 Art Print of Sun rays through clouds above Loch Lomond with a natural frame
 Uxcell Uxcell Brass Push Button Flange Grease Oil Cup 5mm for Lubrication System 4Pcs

----

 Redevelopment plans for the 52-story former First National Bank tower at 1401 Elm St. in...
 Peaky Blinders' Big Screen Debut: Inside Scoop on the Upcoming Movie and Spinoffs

----

Return only the part of the records above that opens with the line containing "Redevelopment plans for" and closes with the line containing "Peaky Blinders' Big", ends included.

 Redevelopment plans for the 52-story former First National Bank tower at 1401 Elm St. in...
 Peaky Blinders' Big Screen Debut: Inside Scoop on the Upcoming Movie and Spinoffs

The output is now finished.